Optimize for fun: April 2020

Sunday, April 26, 2020

Modular Exponentiation in Montgomery Space

How to compute modular exponentiation c = x^e mod n efficiently, especially when exponentiation part e is large?

A better algorithm is exponentiation by squaring [1], we can express e in binary representation:

/// Modular Exponentiation
/// Inputs: x, e, n 128-bit integer
/// Output: x^e mod n (128-bit integer)
uint128_t modexp(uint128_t x, uint128_t e, uint128_t n) {
  uint128_t base = x;
  x = 1;
  while (e) {
    if (e & 0x1) {
      uint256_t xb = uint256_t::mul(x, base);
      x = xb.mod(n);
    }

    uint256_t xb = uint256_t::mul(base, base);
    base = xb.mod(n);
    e >>= 1;
  }
  return x;
}

And modulo:

  uint128_t mod(const uint128_t b) const {
    uint128_t r = 0;
    for (uint16_t x = bits(); x > 0; x--) {
      r <<= 1;
      if (x > 128) {
        if ((high >> (x - 1U - 128)) & 1)
          ++r;
      } else {
        if ((low >> (x - 1)) & 1)
          ++r;
      }
      if (r >= b)
        r -= b;
    }
    return r;
  }

Even though the mod only use bit operations, but it is actually a very expensive operation, because of the for loop. Better algorithm? In modexp function, we compute double width product x*base, and base*base, then find their smallest nonnegative representation by performing a mod.
base*base ≡ c (mod n)
x*base ≡ d (mod n)

The idea is, we can use different equivalence class for x and base, such that divide and modulo in these classes become very cheap [2][3]. On the computer system, we choose R = 2^k and R > n, transform x and base into Montgomery representation by x*R mod n, base*R mod n, such that modulo R just discards high bits, divide R just shifts bits right [2][3].
Let's look at the code, the code framework is similar to modexp.

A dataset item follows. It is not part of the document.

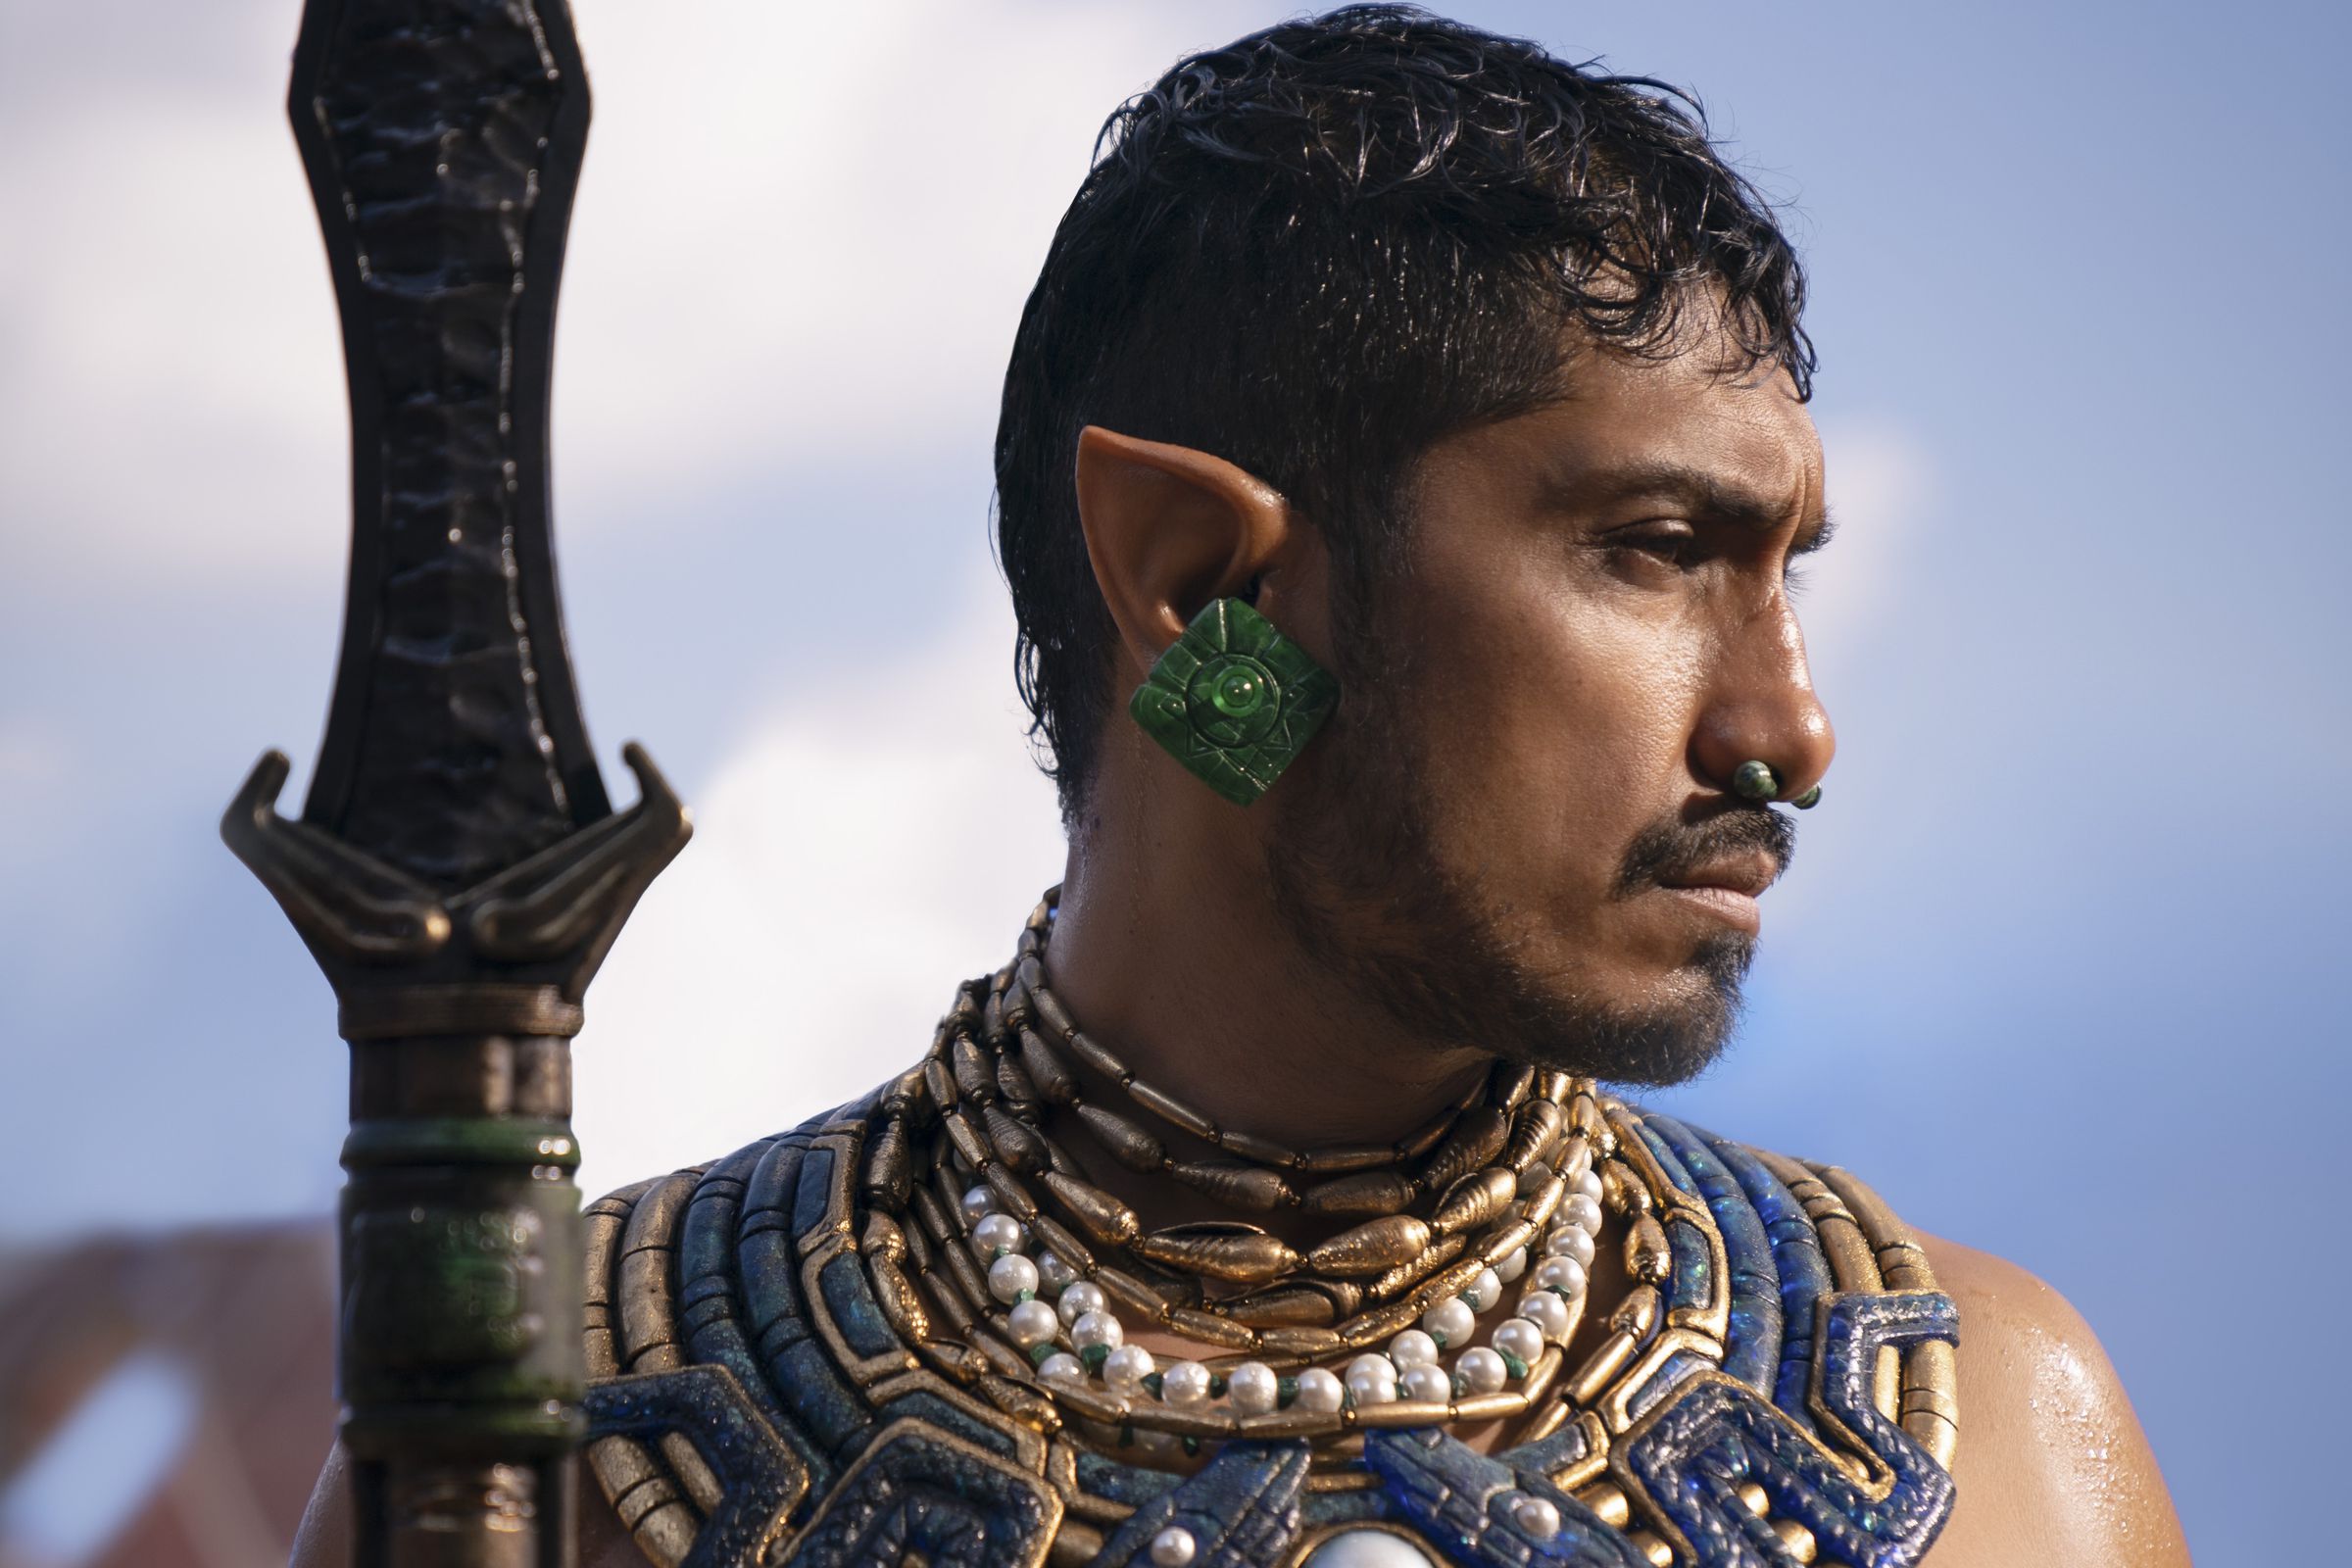 A tight profile shot of a man with pointed ears who is wearing many necklaces featuring intricate beadwork that form a wide collar down his chest. In the foreground is an ornate spear that the man is holding.

  /// Inputs: x, e 128-bit integer
  /// Output: x^e mod n (128-bit integer)
  ///
  /// n is initialized in constructor
  uint128_t montModExp(uint128_t x, uint128_t e) {
    uint128_t mX = toMontSpace(1);
    uint128_t mBase = toMontSpace(x);

    while (e) {
      if (e & 0x1)
        mX = montMul(mX, mBase);
      mBase = montMul(mBase, mBase);
      e >>= 1;
    }
    return montMul(mX, 1);
  }

First, we transform x and base into Montgomery representation.
This is a 128-bit integer implementation, so we choose R = 2¹²⁸

  /// Transform x to Montgomery Representation.
  /// Inputs: x (128-bit integer)
  /// Output: c (128-bit integer) = x * R mod n
  ///
  /// R = 2^128 in 128-bit integer implementation.
  uint128_t toMontSpace(uint128_t x) {
    x %= N;
    for (int i = 0; i < 128; i++) {
      x <<= 1;
      if (x >= N)
        x -= N;
    }
    return x;
  }

Then we perform Montgomery multiplication xR (mod n) * baseR (mod n), and (baseR)² (mod n),

  /// Compute Montgomery multiplication.
  /// cR = aR * bR * R^-1 (mod n)
  ///
  /// mA = aR, mB = bR. mA and mB are in Montgomery space. (128-bit integer)
  uint128_t montMul(uint128_t mA, uint128_t mB) {
    return reduce(uint256_t::mul(mA, mB));
  }

Note:

This is a critical step and is known as Montgomery reduction. [4][3][5][2]
Let's see the mathematics and how to implement it.
Let T = (aR mod n)(bR mod n)
The idea is, add kn to T such that T + kn ≡ 0 (mod R) , therefor TR^-1 ≡ (T + kn)/R (mod n) [2][3]
Why it is correct? If we just multiply two numbers without (mod n) for each number:
(aR)(bR) / R = abR, then perform (mod R), we can have correct result abR (mod n)
But we can't directly T / R, because after modulo operation, T is not divisible by R.
However, T + kn is divisible by R, and T + kn ≡ T (mod n)
So we can add kn to T, such that T + kn ≡ 0 (mod R), then we can directly divide R from it.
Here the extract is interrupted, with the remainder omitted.